WWOOFing it Up in Kiwiland: organic farming in New Zealand 2012

3 years later and life brings me back to New Zealand. This time for a longer period, for a different purpose, with a different outlook on life than last time. I hope what transpires from a few years of travelling as far and as wide as possible across this beautiful country is a basic but decent knowledge and experience in organic farming, self sustainable living, and food production. Come and join me, there's loads of room in the car.

Friday, 15 August 2014

Feature = World Tourism Day = Tourism & Community Development = WWOOFing it Up in Kiwiland: 2 years volunteering on organic farms and travelling in New Zealand

Read this and other entries to the World Tourism Day Blog Competition here. 

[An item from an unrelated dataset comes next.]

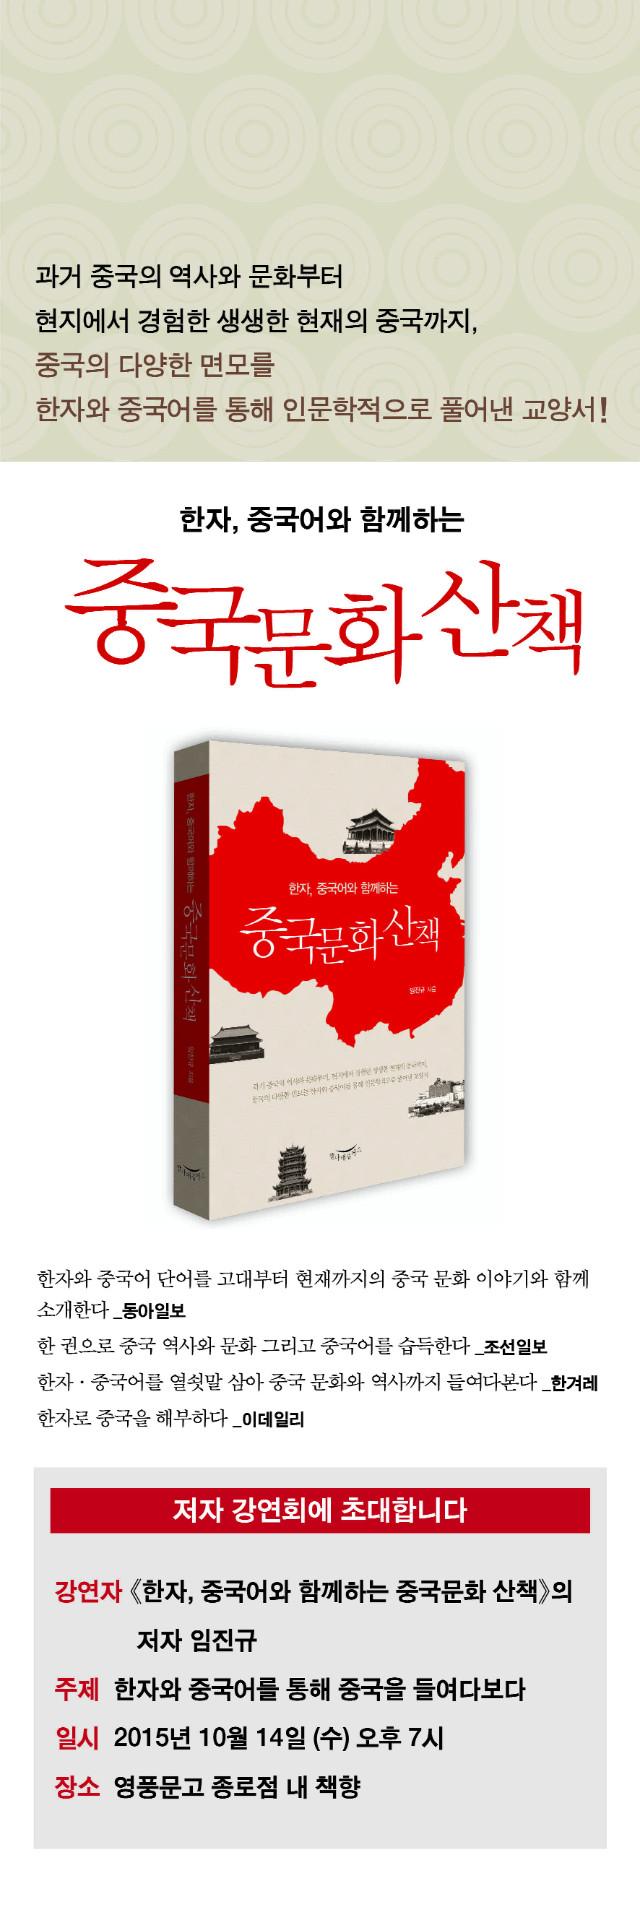 임진규 저자강연회_배너_1007-수정.jpg

Reflections = Tramping in Nelson, NZ

Knowledge is power; a cardinal truth in Community Development, both locally and globally. This truth has defined my last 2 years living and volunteering on organic farms around New Zealand, also known as, WWOOFing - WorldWide Opportunities on Organic Farms. ‘Wwoofers’ can access a database where they can find organic growers to ‘host’ them from a day to months, and even years. Furthermore, it's sustainable...

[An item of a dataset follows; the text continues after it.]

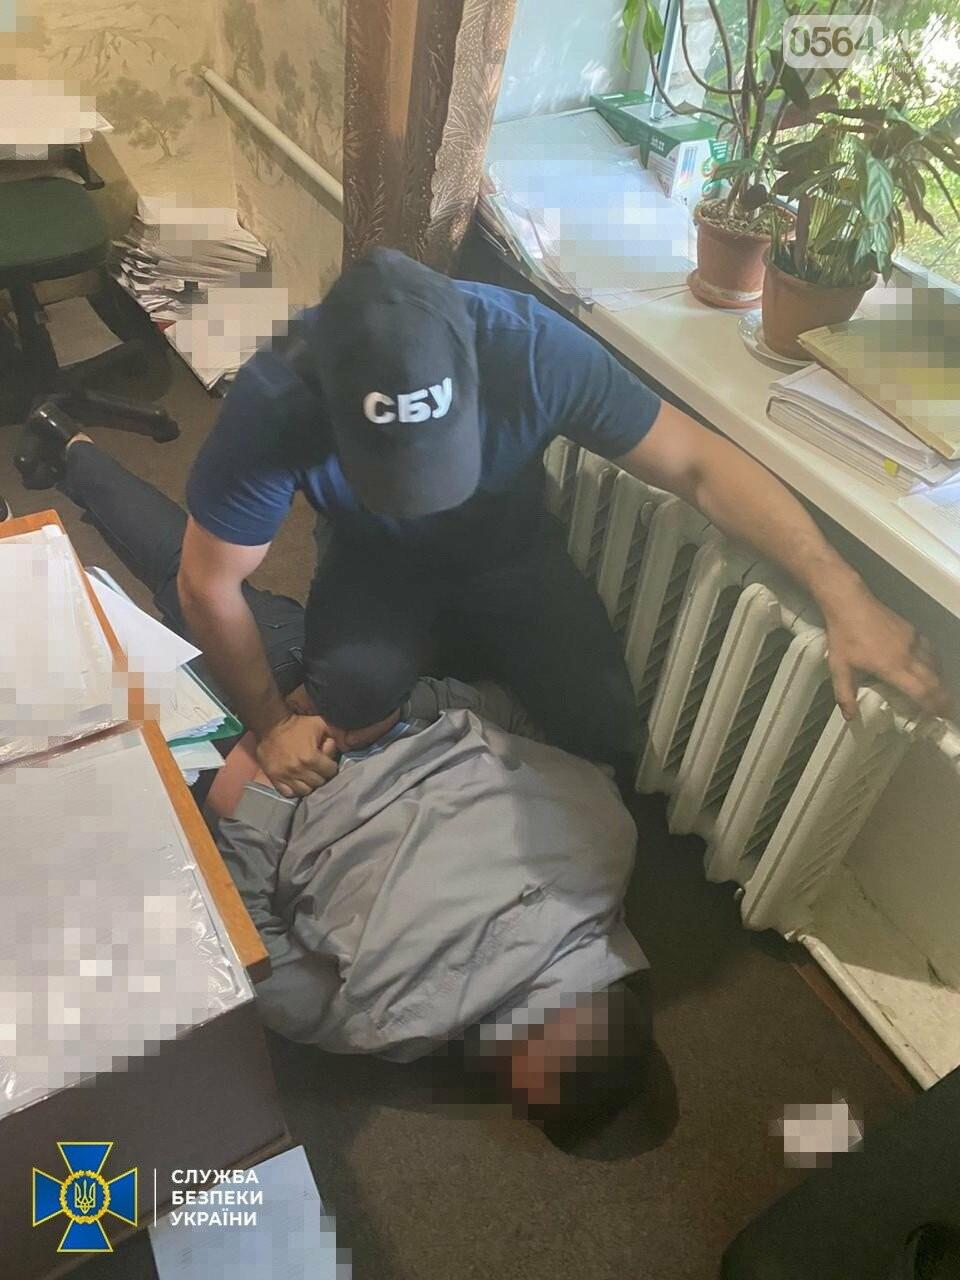 На Днепропетровщине прокурора хотели задержать на взятке, а он выбросил деньги в окно, - ФОТО, ВИДЕО, фото-1

Sunrise in the valley,  Phytofarm Herbal Learning Garden, Little River, NZ

Heritage carrots, Phytofarm
Socially, it’s more than a simple exchange of labour for food and board; it’s a different way of travelling, of getting to know the ‘real kiwi life’, being more than just a passing tourist with a camera in a camper van. WWOOFing is experiencing the country as locals live it. It’s an exchange of knowledge, skills, friendship, family, enthusiasm and a passion for living, learning and sharing an organic lifestyle, being closer to the earth and in tune with the environment. I have been WWOOFing alone, but host families and their networks, make me feel connected to a larger purpose and community . I’ve met and made lifelong friendships with people from allover the globe.

Passion flowers, Phytofarm

Economically, it’s a win-win arrangement for both parties. Busy hosts have enthusiastic, willing (and usually young and energetic) workers to get the work done, and strapped for cash WWOOFers can travel indefinitely, knowing that they have their labour as a guarantee of food and a bed for the night. Hosts have social and professional networks in tourism that WWOOFers can access, often leading to ‘mates rates’ discounts on costly tourist rates and knowing of the best places to go for almost anything. And if the host doesn’t know; they know someone who does! Sometimes, it’s simply joining in on the weekly family fishing trip on the lake or tramp at the National Park.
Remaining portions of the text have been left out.